The Amazon Search team creates high impact, customer-focused search solutions and technologies. Whenever a customer visits an Amazon site worldwide and types in a query or browses through product categories, Amazon Product Search services go to work. We design, develop, and deploy high performance, fault-tolerant distributed search systems used by millions of Amazon customers every day. Our Search Relevance team works to maximize the quality and effectiveness of the search experience for visitors to Amazon websites worldwide.
The Search Relevance team focuses on several technical areas for improving search quality.
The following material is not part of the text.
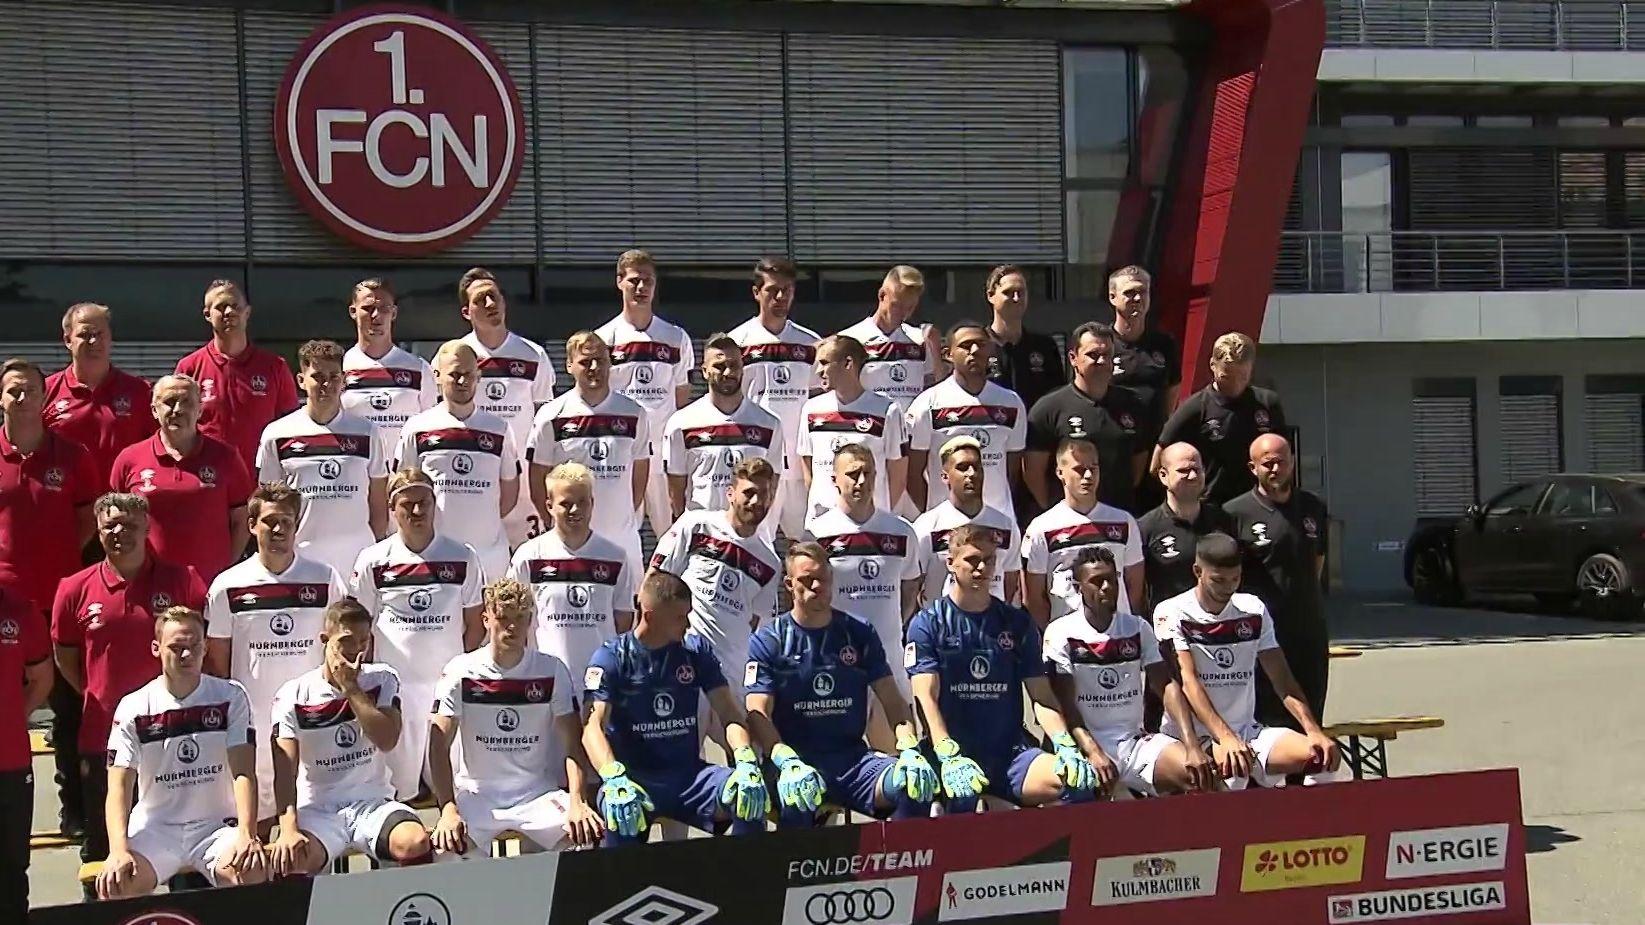 Mannschaftsfoto des 1. FC Nürnberg

In this role, you will leverage your strong background in Computer Science, Deep Learning and Generative AI to help build the next generation of our model development and assessment pipeline, harness and explain rich data at Amazon scale, and provide automated insights to improve machine learned models for ranking. The relevance improvements you make will help millions of customers discover the products they want from a catalog containing millions of products. You will work on problems such as predicting the popularity of new products, developing new ranking features and algorithms that capture unique characteristics, and analyzing the differences in behavior of different categories of customers. The work will span the whole development pipeline, including data analysis, prototyping, A/B testing, and creating production-level components.
Joining this team, you’ll experience the benefits of working in a dynamic, entrepreneurial environment, while leveraging the resources of Amazon.com (AMZN), one of the world’s leading Internet companies. We provide a highly customer-centric, team-oriented environment in our offices located in Palo Alto, California.
Please visit https://www.amazon.science for more information.
Key job responsibilities
Your responsibilities include:
- Analyze the data and metrics resulting from traffic into Amazon's product search service.
- Design, build, and deploy effective and innovative ML solutions to improve search ranking.
- Evaluate the proposed solutions via offline benchmark tests as well as online A/B tests in production.
- Publish and present your work at internal and external scientific venues in the fields of ML/NLP/IR.
Your benefits include:
- Working on a high-impact, high-visibility product, with your work improving the experience of millions of customers.
- The opportunity to use (and innovate) state-of-the-art ML methods to solve real-world problems.
- Excellent opportunities, and ample support, for career growth, development, and mentorship.
- Competitive compensation, including relocation support.